У меня вообще создалось впечатление — и после фильма, и в ходе разговора с Некрасовым, — что он очень далек от нашей действительности, хотя он вроде бы российский режиссер. Он мне говорил, например, во время интервью, что доверяет решениям наших судов — и это странно слышать не только мне (а я 15 лет пишу о российской судебной системе): это странно любому человеку, который живет в России и читает газеты. Он меня на полном серьезе спрашивал, почему я в случае с Магнитским не доверяю сотрудникам тюрьмы и тюремному врачу, а доверяю гражданскому врачу-психиатру. Он не понимает, что гражданский врач в этой ситуации независим, а тюремный прикрывает свою корпорацию, свое начальство — это какие-то совсем банальные истины.

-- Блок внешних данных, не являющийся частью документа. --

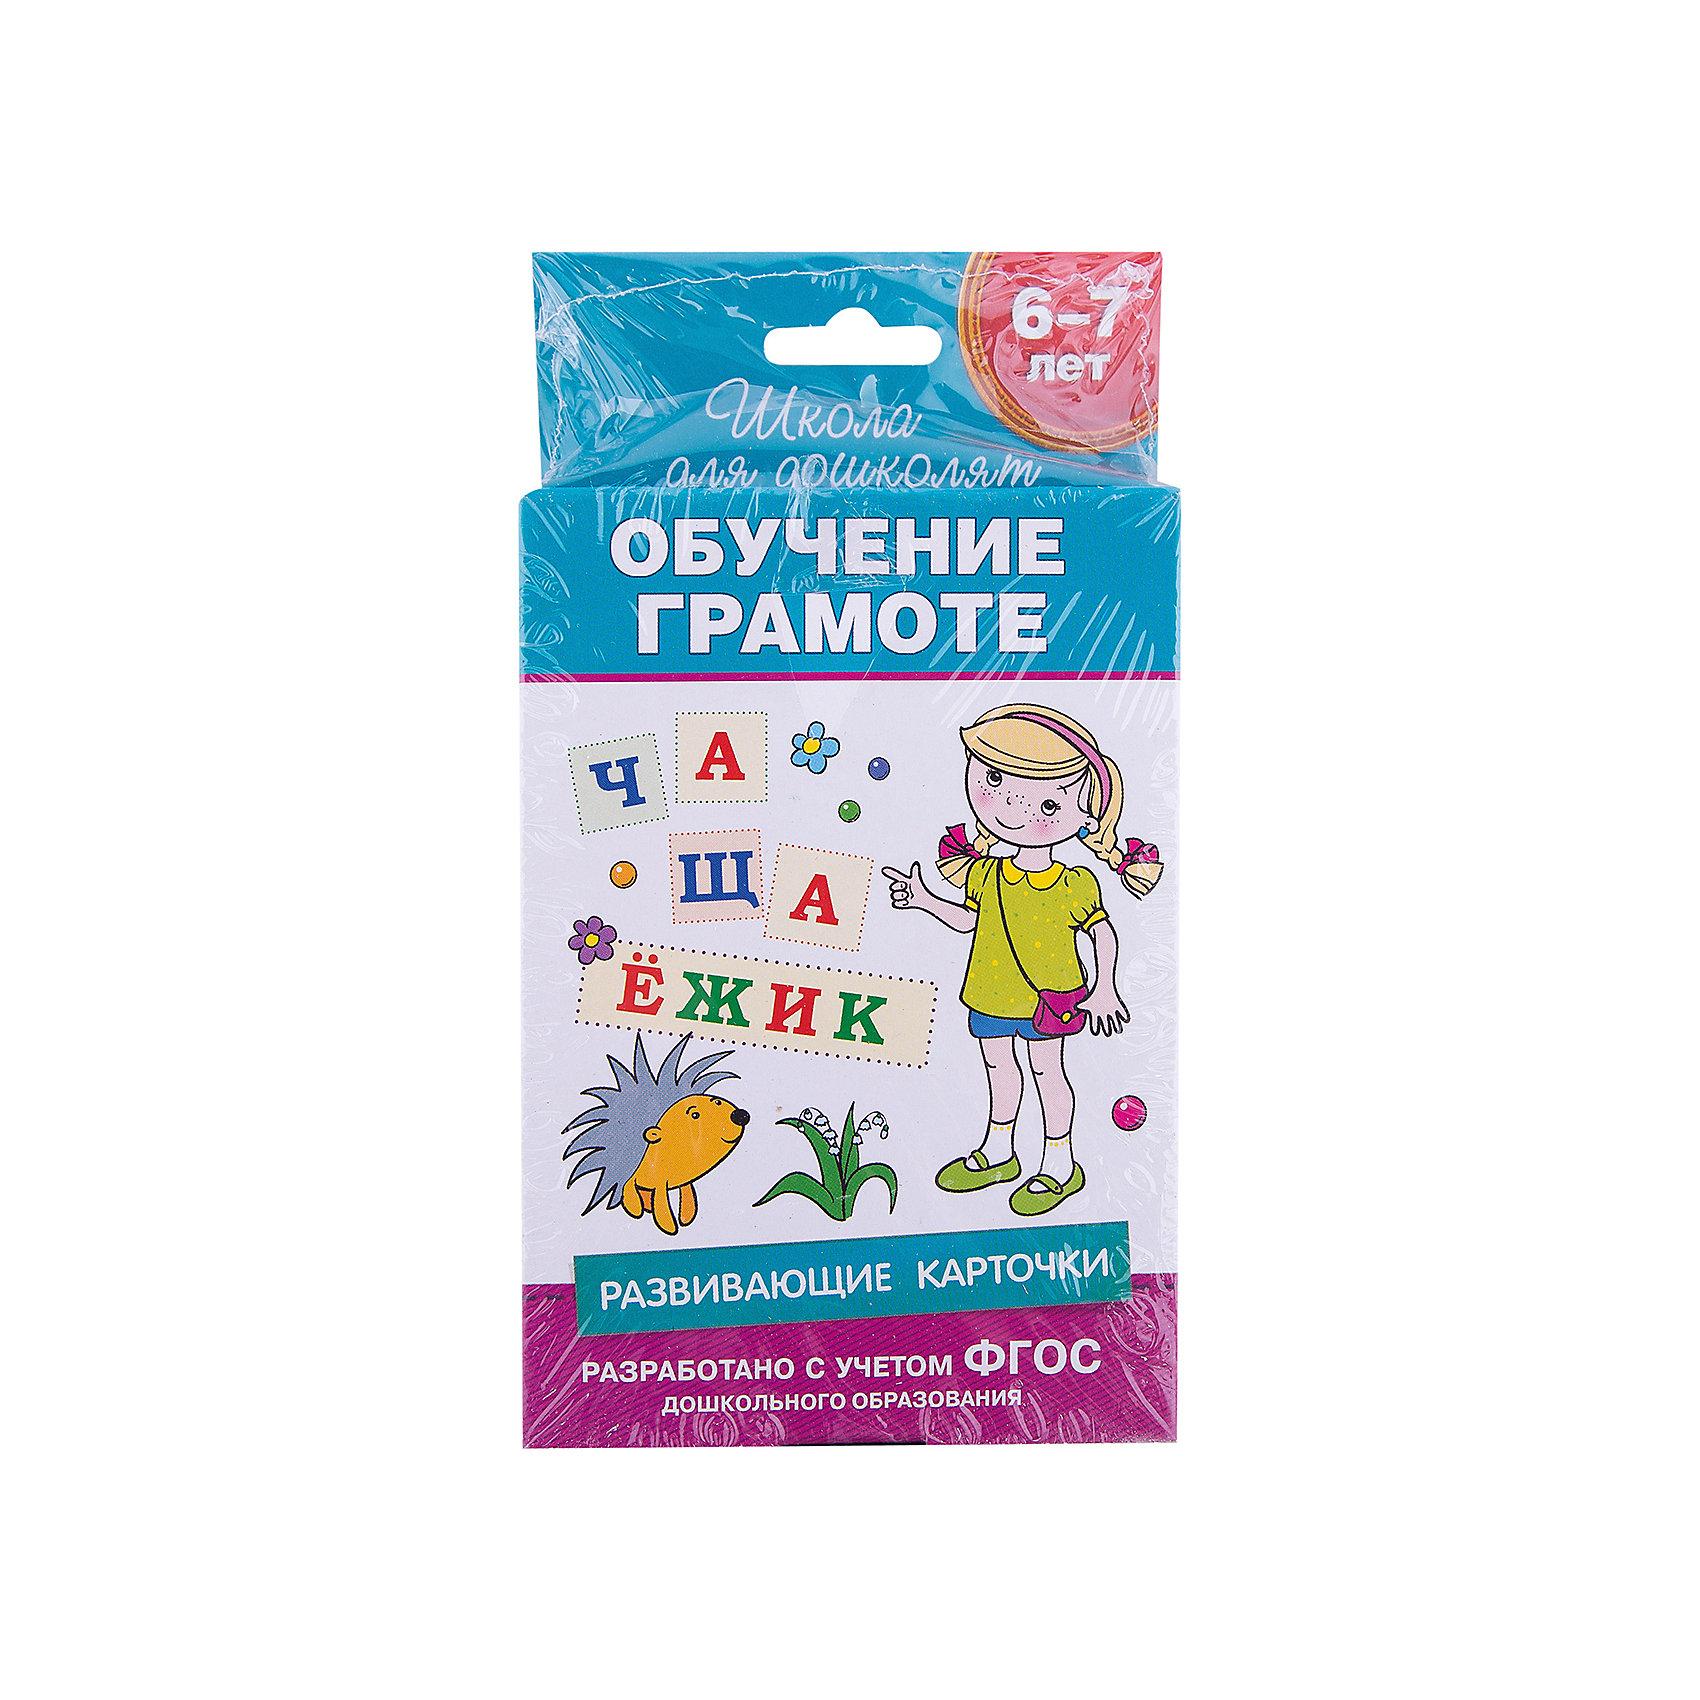 Развивающие карточки Обучение грамоте, Школа для дошколятРазвивающие игры<br>Набор развивающих карточек Обучение грамоте научит ребенка обозначать звуковой состав слов в виде схем, соотносить звуковые и слоговые схемы со словами.&#13;<br>Играя с карточками, ребенок научится ставить ударение в словах и определять местоположение заданного звука в слове. Карточки способствуют развитию фонематического слуха, помогают избегать ошибок в произношении слов, готовят к обучению в школе.<br><br>Ширина мм: 130<br>Глубина мм: 93<br>Высота мм: 21<br>Вес г: 161<br>Возраст от месяцев: 48<br>Возраст до месяцев: 84<br>Пол: Унисекс<br>Возраст: Детский<br>SKU: 4637430

Некрасов всюду говорит, что расследовал историю Магнитского, копал, изучал документы, — но меня поразило, как мало он знает и понимает, как устроены российская тюрьма, российское следствие, суды, как мало он знает, в частности, об обстоятельствах смерти Магнитского в тюрьме. Начиная с того, что путает фамилии членов ОНК, подписавших Отчет о расследовании смерти Магнитского, — уверенно называя в их числе Ковалева и Химаныча. Хотя ни тот, ни другой в нашем расследовании не участвовали и отчета не подписывали (под отчетом стоят подписи 6 человек. — Ред.).

Мне непонятно, почему у него в фильме нет независимых экспертов — тот же Валерий Борщев больше 30 лет занимается тюрьмой, он автор Закона об общественном контроле, не говоря о том, что это он был председателем нашей комиссии, когда мы расследовали смерть Магнитского, он участвовал в расследовании, он сводил всю информацию воедино. Но Некрасов, насколько я знаю, к Борщеву обратился только после того, как тот публично выступил против его версии истории Браудера (весной 2016 г. — Ред.).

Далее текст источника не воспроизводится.